------ GIVEN INFORMATION

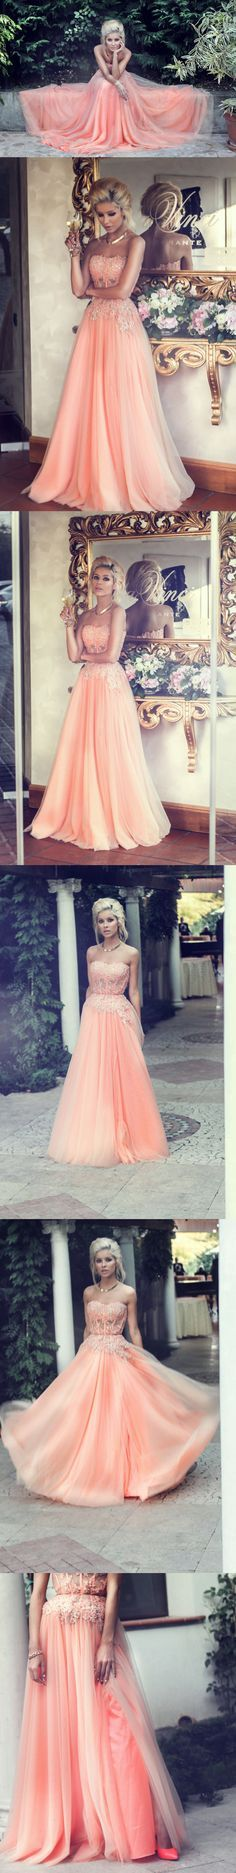 blush prom dress,tulle prom dresses,prom dresses,long prom dress,pink wedding dress,vintage wedding dress,strapless prom dress,prom gowns,evening gowns,evening gown,new arrival dresses
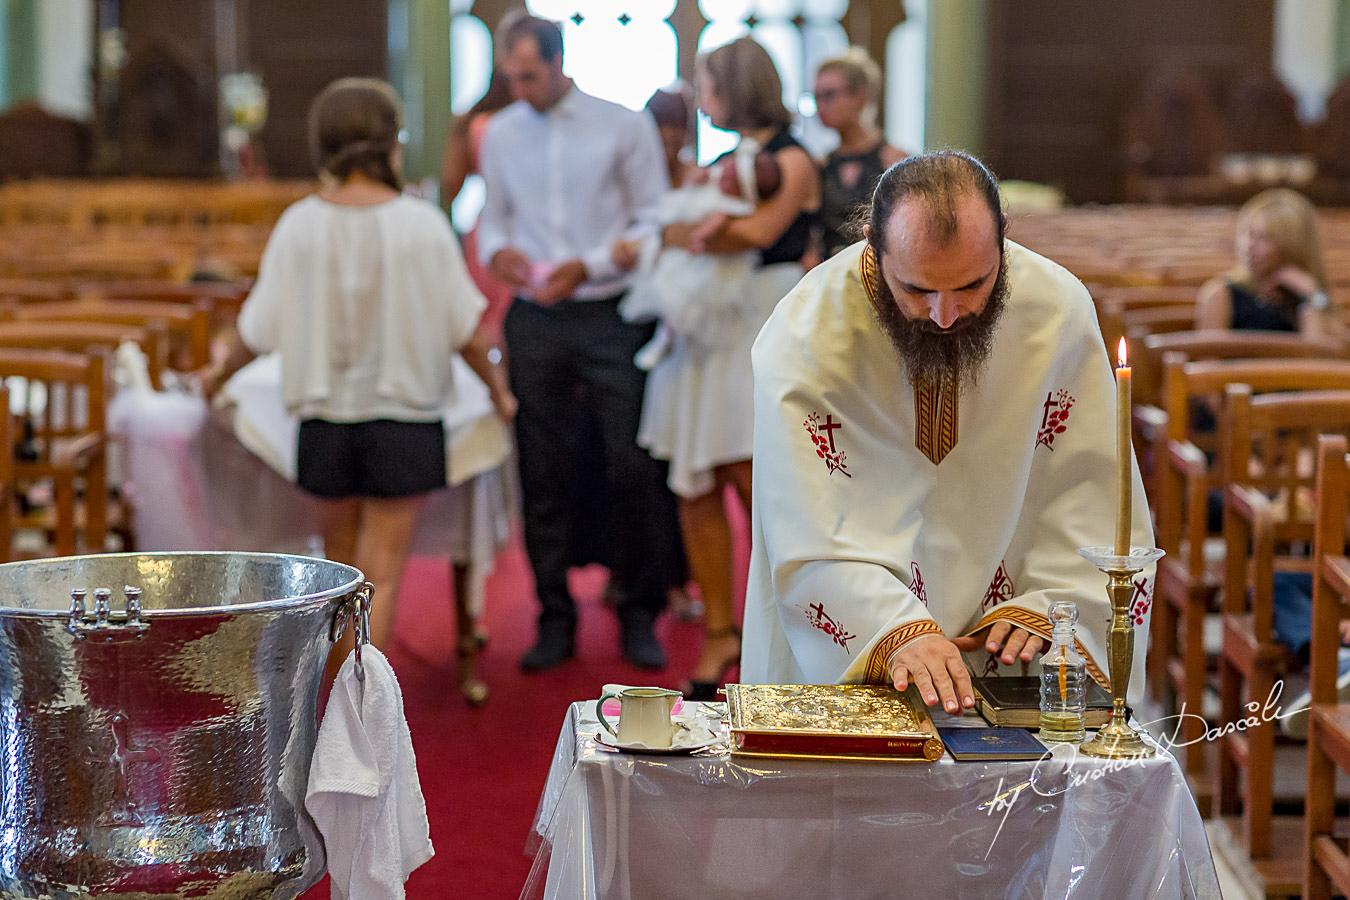 Angelic Christening in Limassol - 29
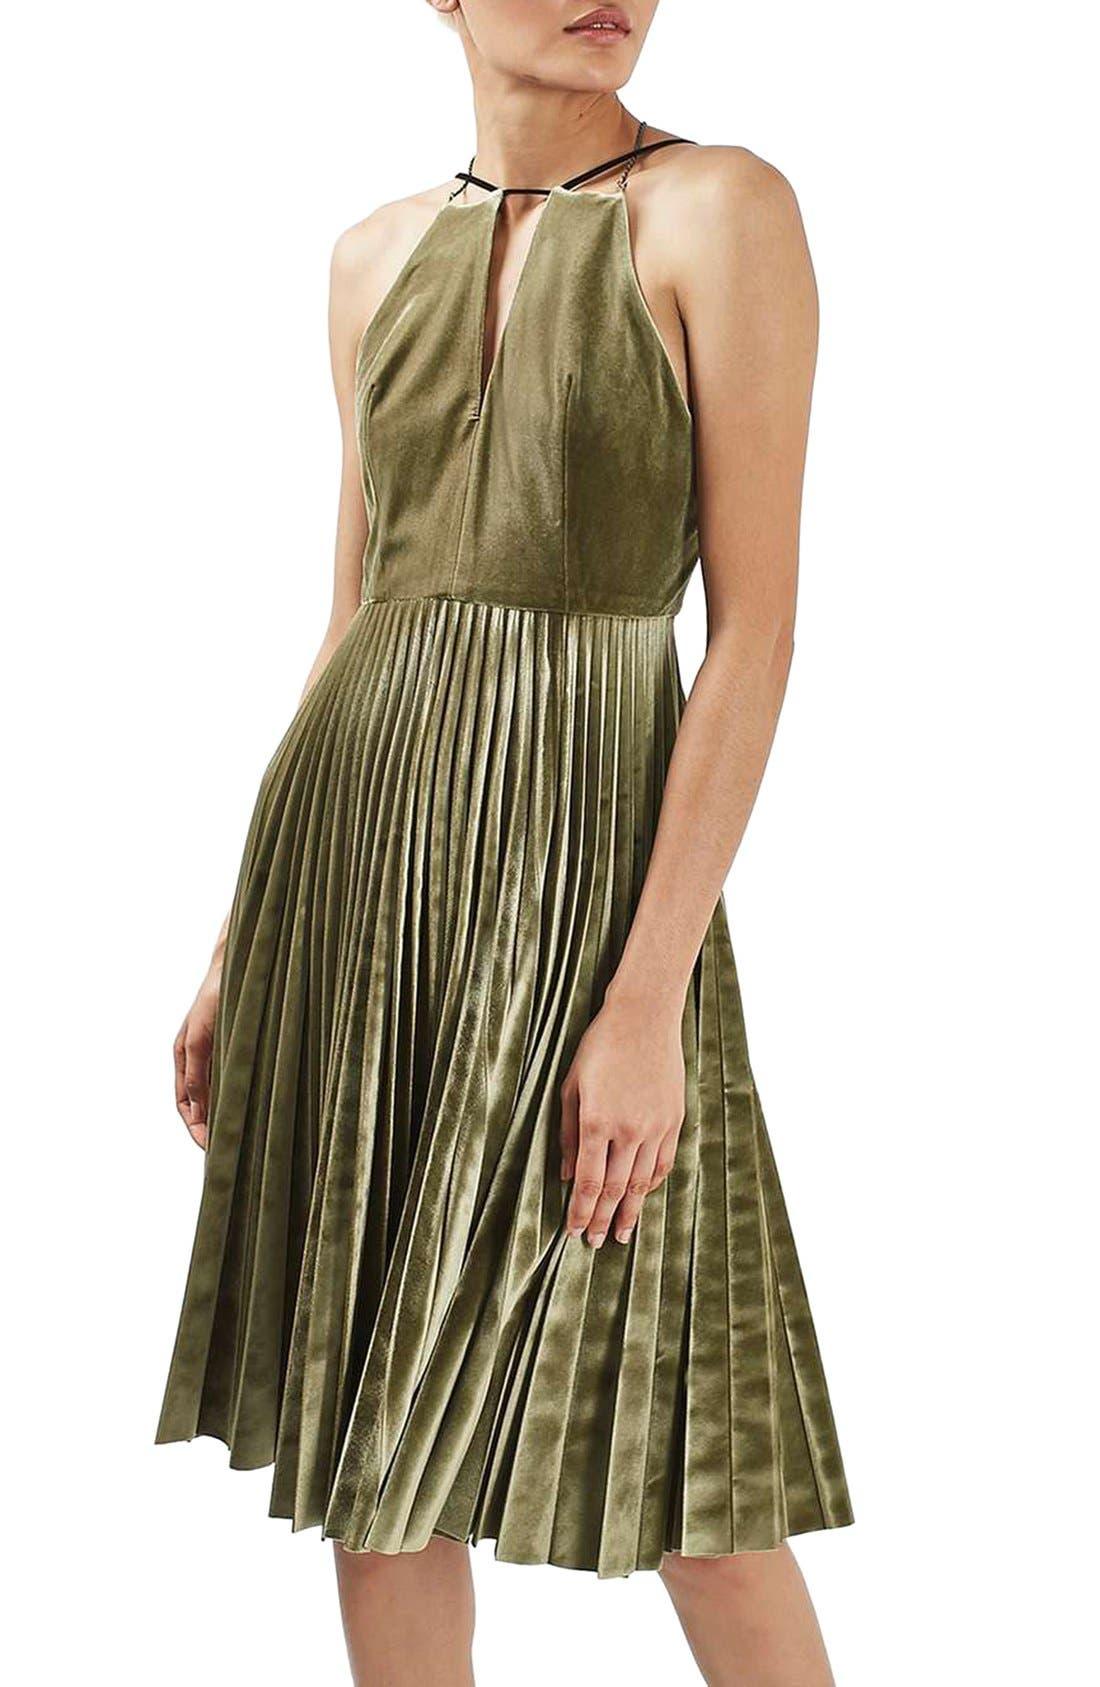 Alternate Image 1 Selected - Topshop Pleated Velvet Fit & Flare Dress

------------

Output all of the data exactly. Skip the pictures.

 blush prom dress,tulle prom dresses,prom dresses,long prom dress,pink wedding dress,vintage wedding dress,strapless prom dress,prom gowns,evening gowns,evening gown,new arrival dresses
 Angelic Christening in Limassol - 29
 Alternate Image 1 Selected - Topshop Pleated Velvet Fit & Flare Dress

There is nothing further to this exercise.